Start of Information given
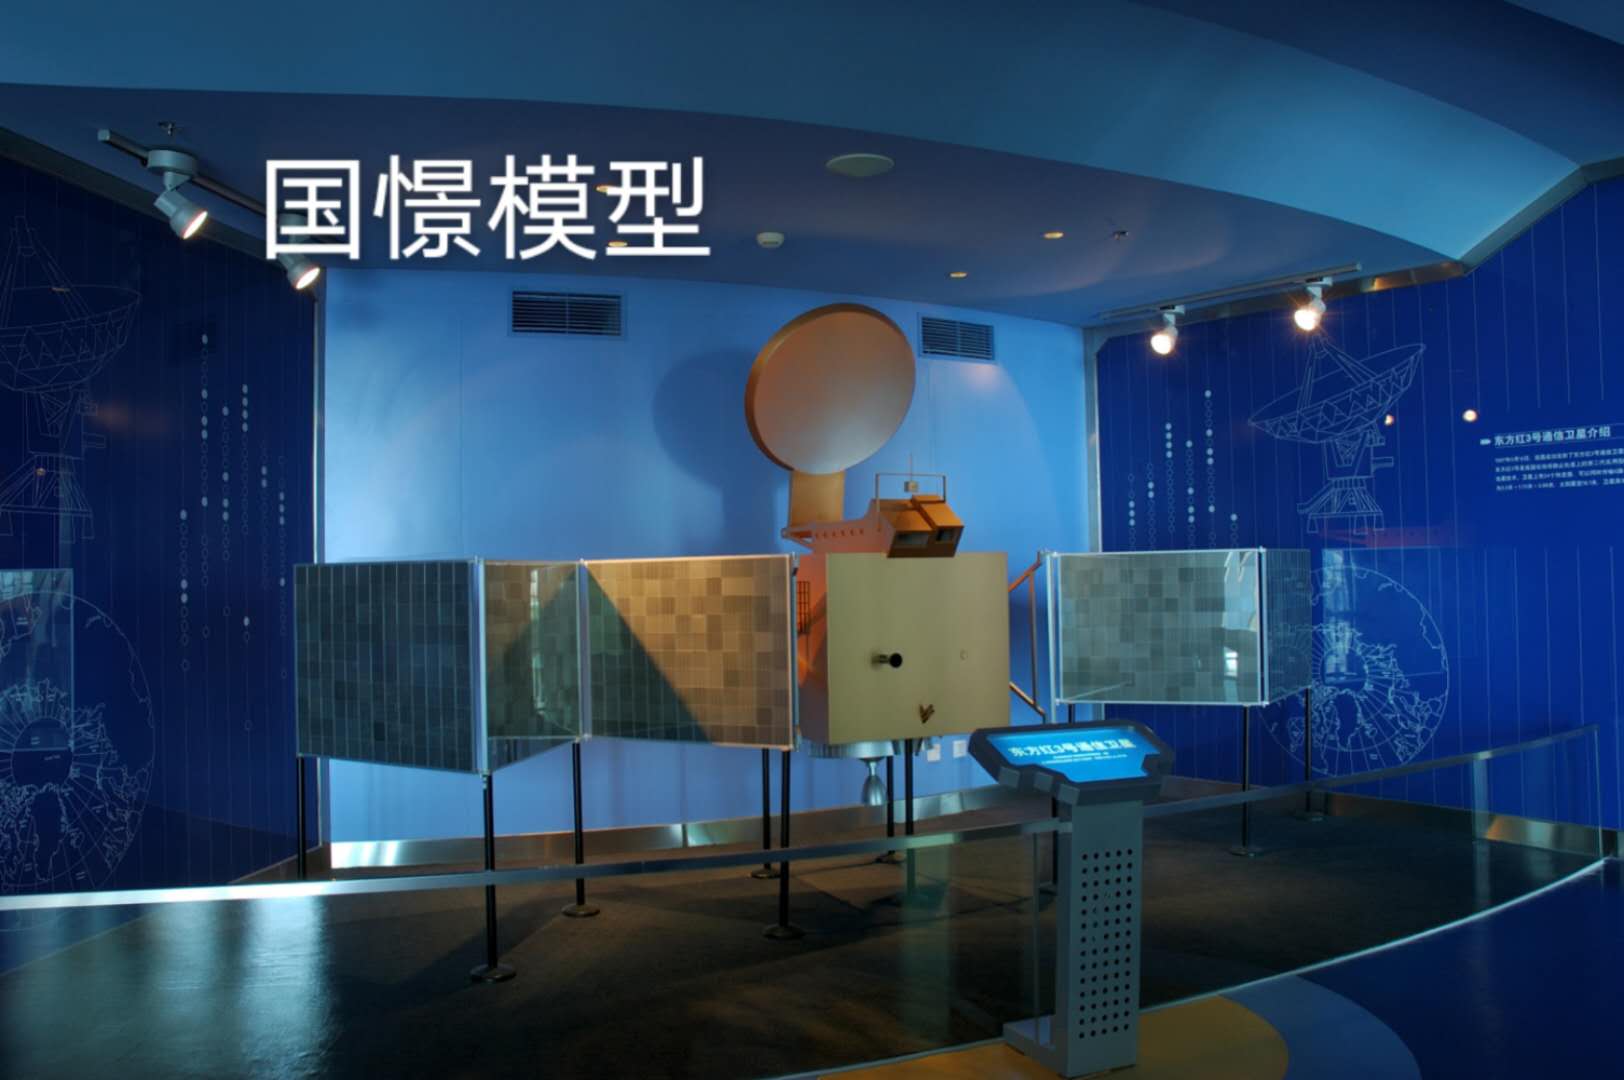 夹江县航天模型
End of Information given
Start of Information given
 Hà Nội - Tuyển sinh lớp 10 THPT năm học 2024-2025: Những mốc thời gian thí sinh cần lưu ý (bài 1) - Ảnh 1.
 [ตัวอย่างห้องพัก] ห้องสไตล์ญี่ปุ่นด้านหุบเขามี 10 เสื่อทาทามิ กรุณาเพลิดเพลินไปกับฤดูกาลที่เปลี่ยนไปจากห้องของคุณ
End of Information given
Start of Information given
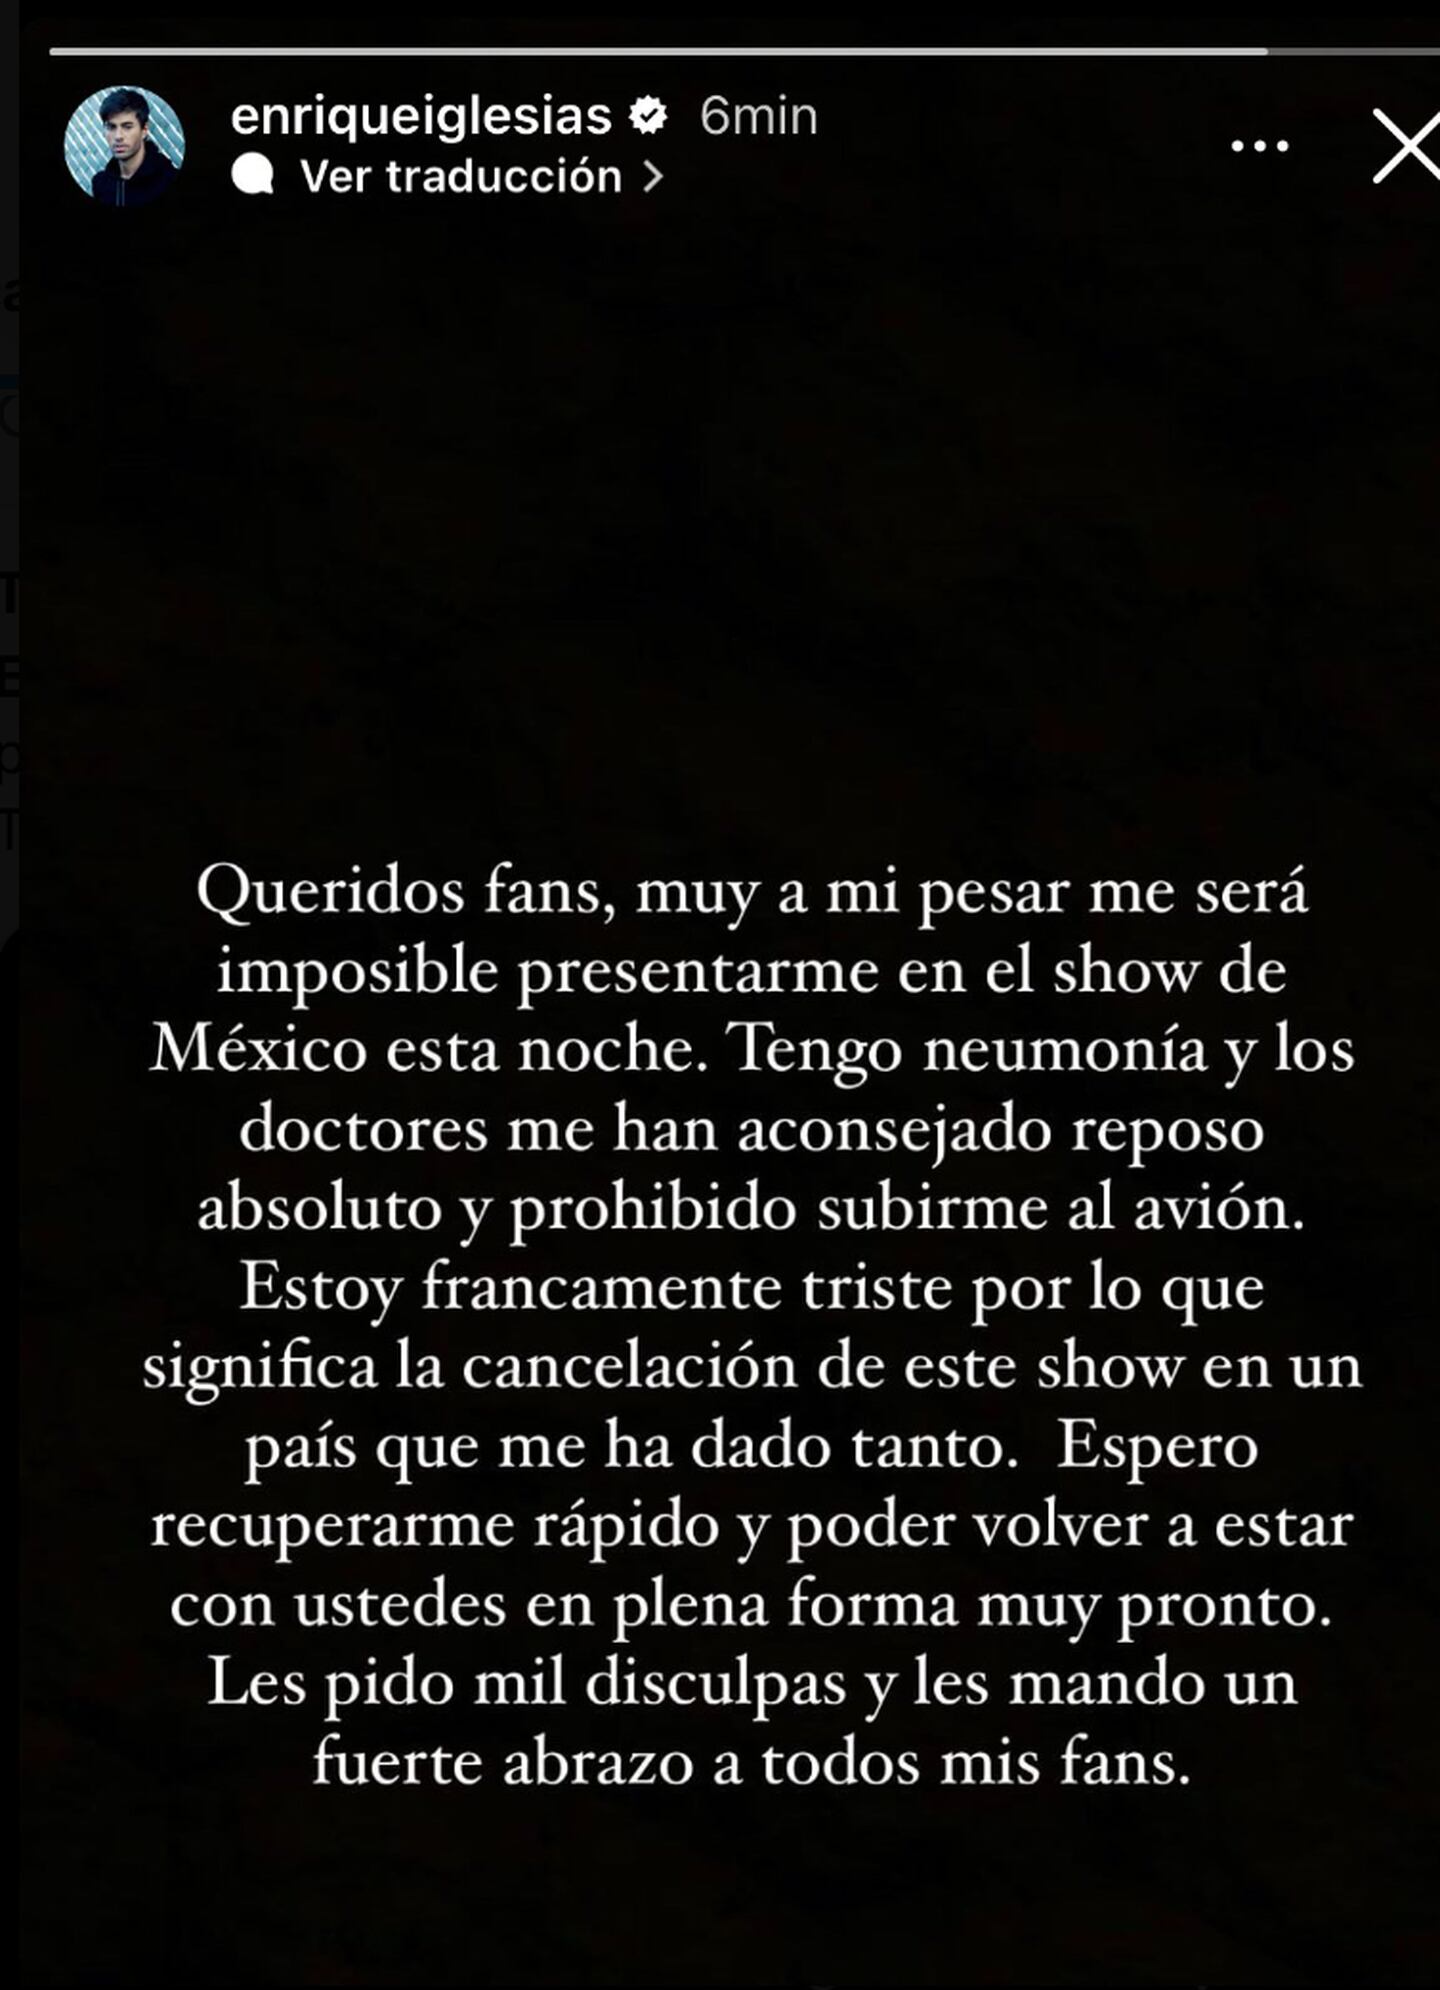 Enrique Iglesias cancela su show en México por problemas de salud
End of Information given
Using the data above, reproduce exactly the lines between those holding "Hà Nội - Tuyển" and "[ตัวอย่างห้องพัก] ห้องสไตล์ญี่ปุ่นด้านหุบเขามี 10", inclusive, and no others.

 Hà Nội - Tuyển sinh lớp 10 THPT năm học 2024-2025: Những mốc thời gian thí sinh cần lưu ý (bài 1) - Ảnh 1.
 [ตัวอย่างห้องพัก] ห้องสไตล์ญี่ปุ่นด้านหุบเขามี 10 เสื่อทาทามิ กรุณาเพลิดเพลินไปกับฤดูกาลที่เปลี่ยนไปจากห้องของคุณ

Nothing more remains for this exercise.